Henry: Fine. I’m going to regret this.

Unknown: I knew you were a reasonable man.

Henry: Not really, I’m just too swamped with work this week to fight. It’s tax season.

Unknown: Then get back to it. We can talk later.

Henry: Bye.

I stared at my phone. That was the strangest conversation I’d had in ages.

It had been surreal. It started midstream; she’d gotten me to laugh and convinced me to wear the stupid cowboy tie.

And the last line: talk later, why? Who was this woman?

Had Chad ever told me her name? I had no reason to talk with her again until the wedding, whatever her name was.

“Hey, how’s the K-1 for Signature Tech coming?” The managing partner poked her head around the corner of my doorway.

“Almost done.” No, it wasn’t. I’d be at my desk until after nine tonight. I hated tax season.

Before I dove back into my work, I scrolled through my sent text messages.

The one to Cindy Ash remained unread.
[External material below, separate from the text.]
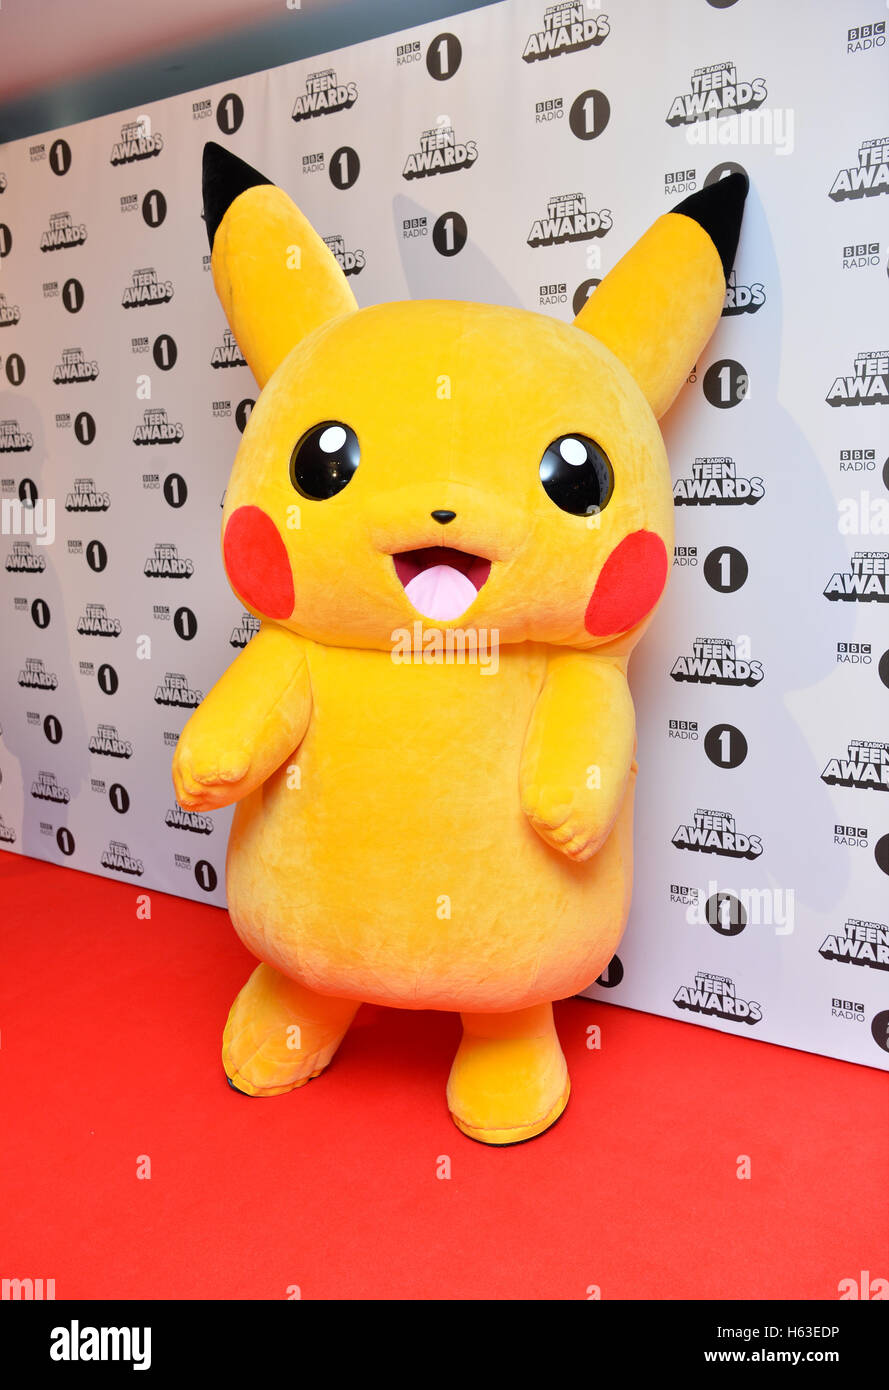 Pikachu participant à la BBC Radio 1 Teen Awards, qui a eu lieu à l'ETI Wembley Arena de Londres. Voir l'activité Histoire de l'adolescence de showbiz. Banque D'Images

That sucked.

Getting a drink with her had been the only enjoyable thing on my radar for this weekend.

I’d already set aside Saturday evening for her.

It was the only night off I’d get before the end of tax season and my trip to Texas.

Cindy

I stepped out of the elevator with Midnight strapped to my back, ready for another night at the clinic.

In the lobby near the package room, I saw Henry flipping through his mail.

“Henry!” I jogged over as quickly as the cat backpack would allow.

“Cindy.” His face blossomed into a wide, excited smile that put his perfect eye wrinkles on full display.

My heart fluttered, and so did my lonely female parts.

Easy does it, I thought. Between our attraction and that ridiculous—yet utterly distracting—text conversation, we were moving fast. If this went sideways, it could blow up in our faces just in time for the wedding.

Marguerite’s wedding was going to be stressful enough; I didn’t need to add awkwardness with Henry to the weekend.

“Thank you again—” I began, ready to thank him for being so easy to deal with on the bow tie thing.

“This weekend—” He began.

We both stopped talking and laughed.